Full fine-tuning updates all parameters of the foundation model, demanding higher compute, and when there are multiple downstream tasks, full fine-tuning results in a new model for each task demanding more storage.
Infosys adopts parameter-efficient fine-tuning (PEFT) methods to build narrow transformers as these methods enable adaptation of foundation models to downstream tasks with fine-tuning only a small number of (extra) model parameters. This results in reduced computational and storage costs, while achieving performance comparable to that of full fine-tuning. These narrow transformers are built and served at scale without external compute, ensuring data security.
In the DevSecOps age, developers are not just responsible for writing code, but also for setting up the production environment, and assembling, integrating, customizing, and maintaining applications once in production. This burden is now carried by another 2023 software tech trend — platform engineering. This accelerates development velocity and reduces software engineering overload through self-service capabilities — standardized tools, components, and automated processes — offered via an internal development platform (IDP).

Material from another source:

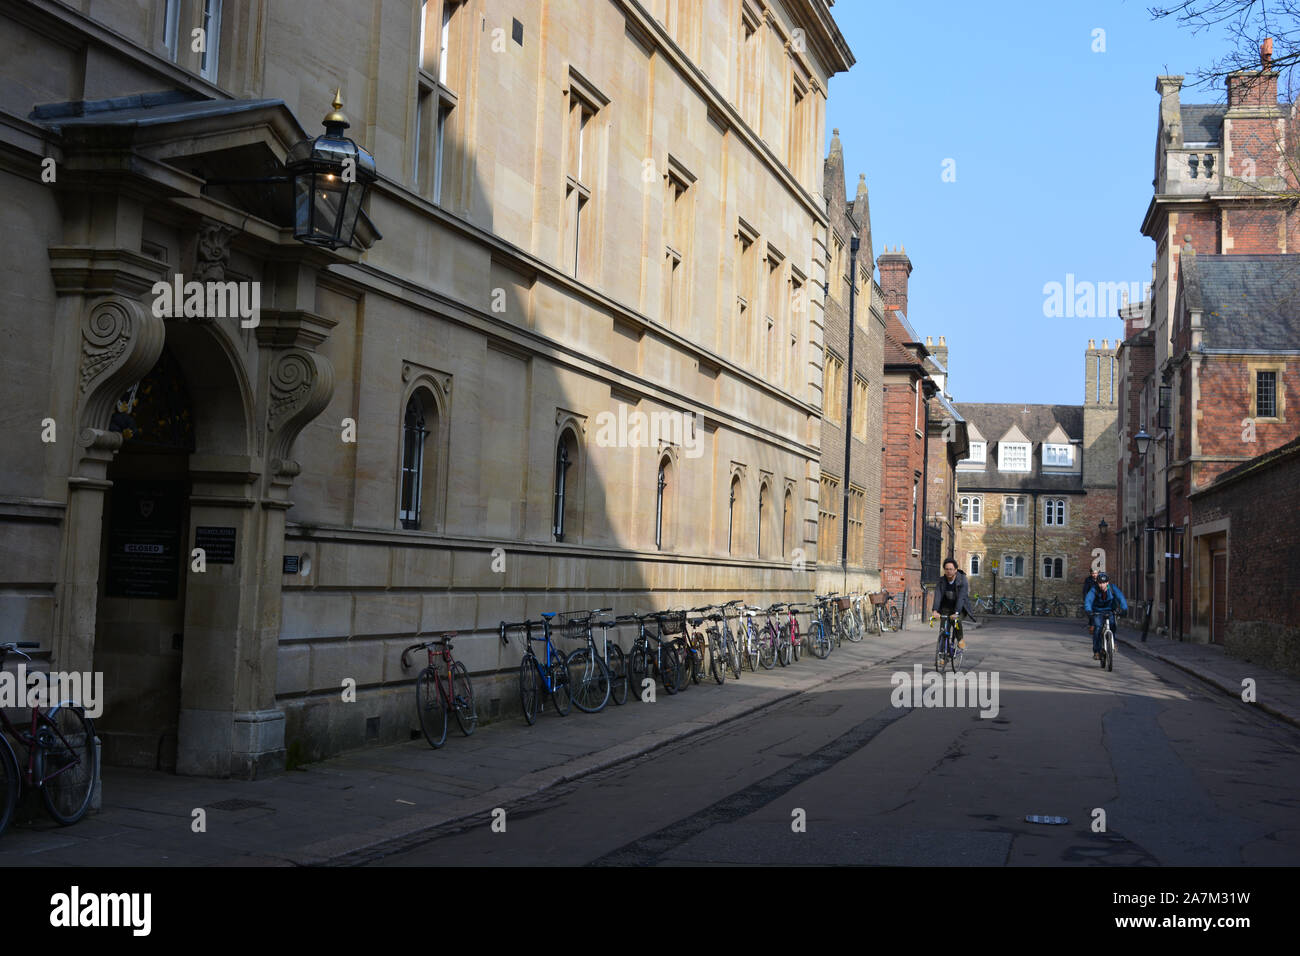 Cyclists in Trinity Lane, with students bikes outside a college, University of Cambridge, Cambridge, Cambs., England Stock Photo

Gartner expects that by 2026, 80% of organizations will establish these platform teams as internal providers of reusable services, components, and tools for application delivery. Beyond AI-driven coding, these platforms encourage consistency and efficiency in software development and provide relief from the management of delivery pipelines and low-level infrastructure.
As AI tools evolve, the software development sector is in for an operational and financial windfall. If firms can motivate their workforce to upskill in AI prompt engineering, the future will be an AI-first, continuously learning and evolving organization — an AI-first Live Enterprise.
In the first AI wave (H1), systems and methods were predominantly used to supervise and optimize operations. In the AI-first era, these methods will pave the way to further improve operations and increase efficiency. We will see the onset of newer frontline ML methods such as reinforcement learning, backed by meta-learning-driven dynamic control.
Our paper on a self-driving cloud for greener business discusses this trend, where companies analyze data using ML techniques to make informed decisions and take proactive measures. The dynamic control feature also means the system can learn and adapt to new scenarios on the fly, driving even more efficient operations.
AI-first operations improve customer and employee experience through generative AI. Using AI assistants, an AI-first organization can handle internal and external user queries at pace, improving productivity and innovation — and then they also become companies that people want to work for.
Data-driven organizations that care about post-sales customer engagement improve employee retention, as the research for our Digital Radar 2023 report reveals. These AI systems use machine translation to interact with users, driving localized contextual conversations that add further data points and improve efficiencies and insights.
Many applications are possible, including voice assistants and recommendation systems. Developers and organizations can build applications and services that understand and interact with users in more natural and intuitive ways.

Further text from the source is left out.